Poster
ArtEditor: Learning Customized Instructional Image Editor from Few-Shot Examples
Shijie Huang · Yiren Song · Yuxuan Zhang · Hailong Guo · Xueyin Wang · Jiaming Liu
We introduce ArtEditor, a novel framework for instruction-based image editing that learns unique editing styles from few-shot examples. While image editing has seen significant advancements, customized instructional editing remains underexplored. Existing methods often rely on complex, multi-stage pipelines that are difficult to adapt to specific styles. Additionally, this domain lacks a standardized benchmark, making it challenging to evaluate progress. To address these issues, we propose ArtEditor, a two-stage training framework.
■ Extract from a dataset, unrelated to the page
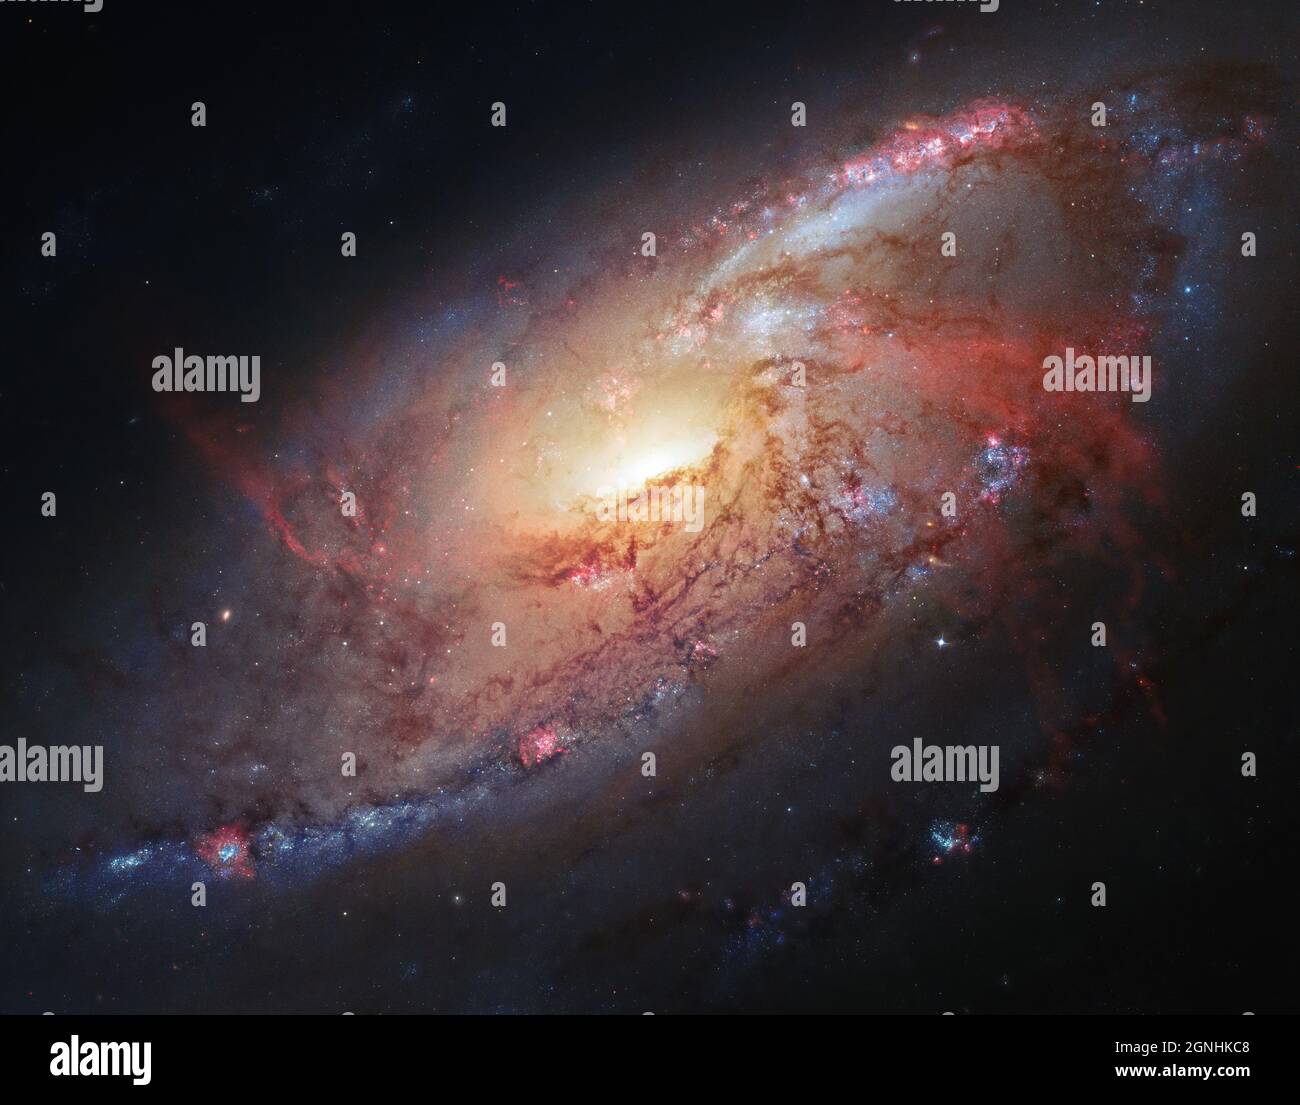 M106 è una galassia attiva Seyfert II. Si ritiene che grandi quantità di gas dalla galassia cadano e alimentino un buco nero supermassiccio contenuto nel nucleo. Conosciuto anche come NGC 4258, M106 si trova a 23.5 milioni di anni luce, nella costellazione Canes Venatici. . Fonte immagine NASA/ESA Hubble Space Telescope Foto Stock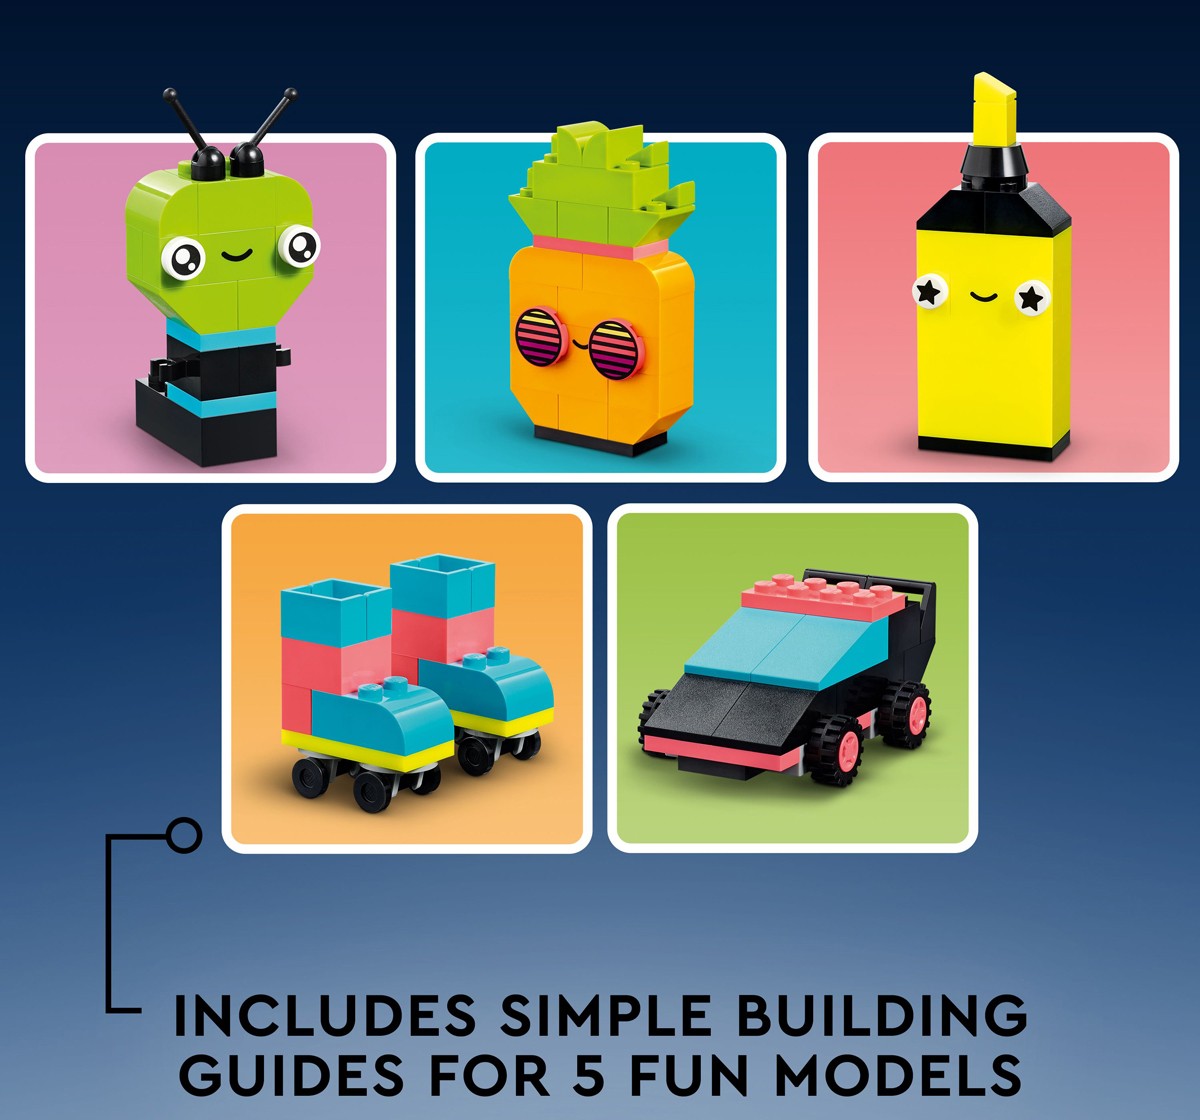 LEGO Classic Creative Neon Fun 11027 Building Toy Set 333 Pieces Multicolour 5Y+

In the first stage, we train ArtEditor-Base, a general-purpose image editing model, on large-scale datasets to build a strong foundational capability. In the second stage, we fine-tune this model using ArtEditor-LoRA, a lightweight adaptation module, on a small dataset of before-and-after image pairs. This approach enables the model to efficiently learn distinct editing styles and techniques with minimal data. To enhance the performance of a pre-trained Diffusion Transformer (DiT) model, we introduce two key innovations: position encoding cloning and a noise-free conditioning paradigm. These techniques ensure stable and coherent edits, even when adapting to new styles. To support research in this area, we contribute the DoodleArt dataset, the first benchmark specifically designed for customized image editing. DoodleArt features six high-quality artistic styles created by professional artists and designers, providing a valuable resource for evaluating and advancing future work. Extensive experiments demonstrate that ArtEditor achieves superior performance and robustness in customized image editing. Our framework opens new possibilities for artistic creation, offering artists intuitive and flexible tools to bring their visions to life.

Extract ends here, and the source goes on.